Позднее, оставшись наедине со своими мыслями, я испытала запоздалую эмоциональную реакцию на произошедшее. На душе стало тяжело: я расстроилась, что Роберт мне не доверился. Он просил меня не волноваться, но я все-таки разволновалась. Тем не менее я понимала, отчего он не мог мне признаться. Мне кажется, Роберту претила необходимость формулировать свои порывы на языке сексологии, втискивать свою личность в рамки терминов. Влечение к мужчинам одолевало его, но мне никогда не казалось, будто оно хоть чуть-чуть уменьшает его любовь ко мне. Я знала: Роберту нелегко разорвать наши физические узы.
Мы с Робертом по-прежнему хранили нашу клятву. Не бросали друг друга. Я никогда не смотрела на него через призму его сексуальной ориентации. Мои представления о нем не рухнули. Для меня он оставался художником всей моей жизни.
Бобби Ньювирт въехал в город, точно беспечный ездок. Стоило ему сойти с коня, отовсюду стекались художники, музыканты и поэты: сбор всех индейских племен. Он был катализатором жизни. Влетал в комнату и тащил меня куда-нибудь, сводил с другими художниками и музыкантами. Я была всего лишь неуклюжим жеребенком, но он ценил и поощрял мои жалкие потуги на сочинение песен. Мне хотелось на деле подтвердить его веру в меня. Я работала над длинными стихотворениями для устного исполнения — сюжетными балладами на манер Слепого Вилли Мактелла[87] и Хэнка Уильямса.
5 июня 1970 года он повел меня в „Филмор-Ист“ на концерт Crosby, Stills, Nash and Young. Вообще-то их музыка была не в моем вкусе, но на Нила Янга я смотрела благоговейно: его песня „Ohio“ произвела на меня большое впечатление. Казалось, в ней сжато отражена задача творца — ответственно высказывать свое мнение о происходящем. Песня была посвящена памяти четырех юных студентов Кентского университета, которые ради мира на Земле расстались с жизнью.

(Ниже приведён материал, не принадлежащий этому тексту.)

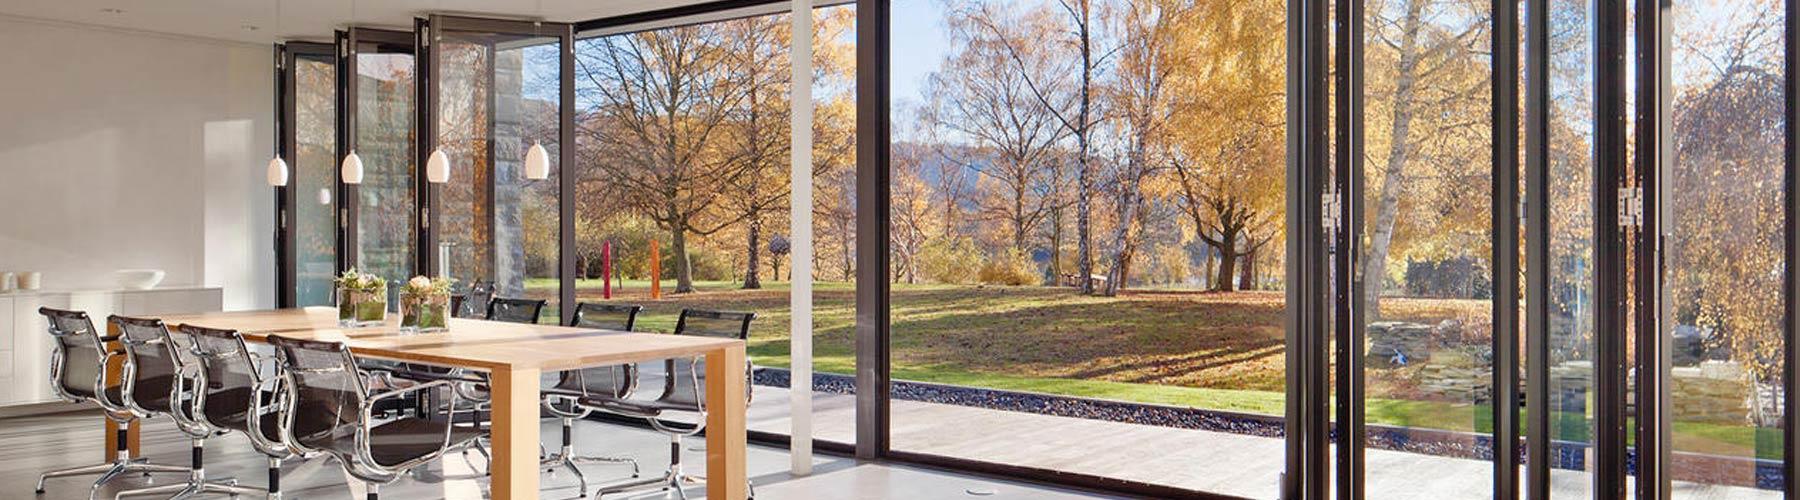 Solarlux® Aluminium Bi-folding Doors & SOLARLUX® Aluminium Bi Fold Doors | Bifold Doors | Bi Folding Doors ...

Потом мы поехали в Вудсток, где The Band записывали альбом „Stage Fright“. Звукорежиссером был Тодд Рандгрен. Робби Робертсон усердно трудился над композицией „Medicine Man“. Почти все остальные разбрелись по каким-то развеселым вечеринкам. Я до рассвета просидела с Тоддом. Мы разговаривали без умолку, обнаружили, что у нас обоих корни в Аппер-Дерби[88]. Мои дед и бабка жили неподалеку от мест, где Тодд родился и вырос. И вообще мы были странно похожи: трезвенники, трудоголики, категоричные, неказистые на вид, склонные к идиосинкразии.